Misunderstanding of dirac measure in conjunction with point process While trying to understand random measures and random counting measures, I find myself continually running into a misunderstanding of the dirac function. Although helpful, the answers for Question for understanding definition of point process lacked some explanation I find I need.
I understand that the dirac measure is defined as
$$\delta_{x}(A) = \left\{\begin{aligned}
&1 &&: x\in A\\
&0 &&: x\notin A
\end{aligned}
\right.$$
where $x\in X$, $A\in \Sigma$ and $(X, \Sigma)$ is a measurable space.
From Wikipedia, a point process or random counting measure is a random measure of the form
$$\mu = \sum_{n=1}^{N}\delta_{X_{n}}$$
where $\delta$ is the Dirac measure and $X_{n}$ are random variables.

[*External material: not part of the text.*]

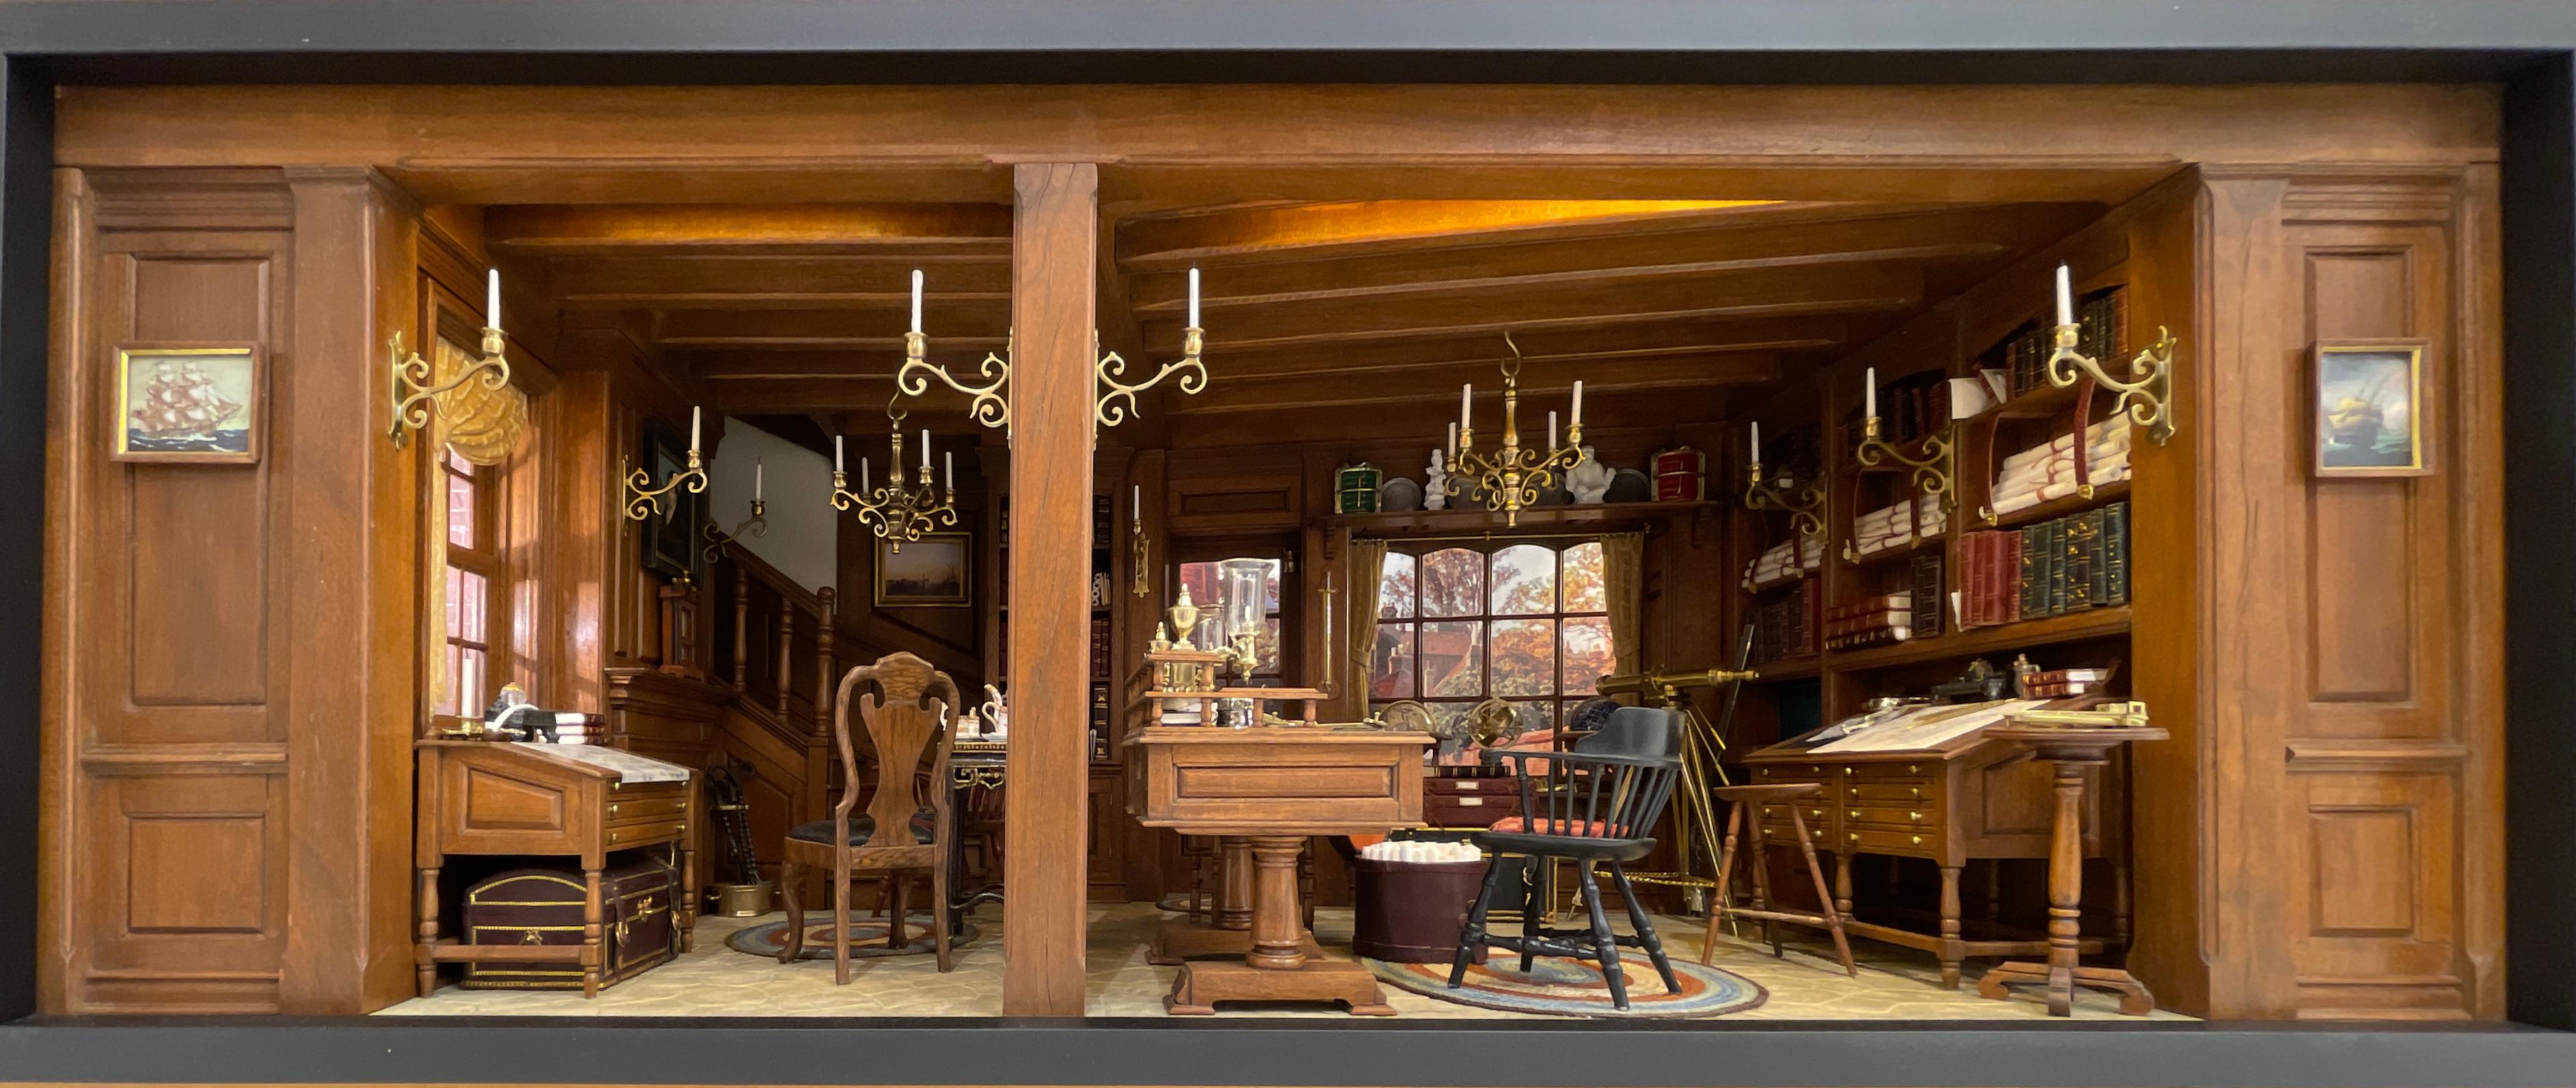 Henry "Hank" Kupjack Still-Life Sculpture - 18th Century New England Cartographer's Office - Kupjack Studios Miniature Room

My main issue is with $\delta_{X_{n}}$. Since $\mu$ is a measurable function from some probability space $(\Omega, F, P)$ to a set of measures on the borel $\sigma$-algebra of the complete separable metric space $X$, what is the interpretation of $\delta_{X_{n}}(\omega)$ where $\omega\in\Omega$?
 A: Upon further reading and discussion with another user in the comments section, I believe I have come up with a (somewhat) good understanding of the meaning of the dirac measure and the function
$$\mu = \sum^{N}_{n=1}\delta_{X_{n}}$$
The following definition is taken from https://en.wikipedia.org/wiki/Random_measure restricted to the case where $X=\mathbb{R}^{d}$, although it can be more general than this.
Given $X = \mathbb{R}^{d}$ for some $d\in \mathbb{N}$, $\mathcal{B}(X)$ the borel $\sigma$-algebra on $X$, and a probability space $(\Omega, \mathcal{F}, P)$, a random measure is a measurable function $\mu: \Omega \rightarrow \mathfrak{N}$ from $(\Omega, \mathcal{F}, P)$ to the measurable space $(M_{X}, \mathcal{B}(M_{x}))$, where $M_{X}$ is the set of all boundedly finite measures on $\mathcal{B}(X)$.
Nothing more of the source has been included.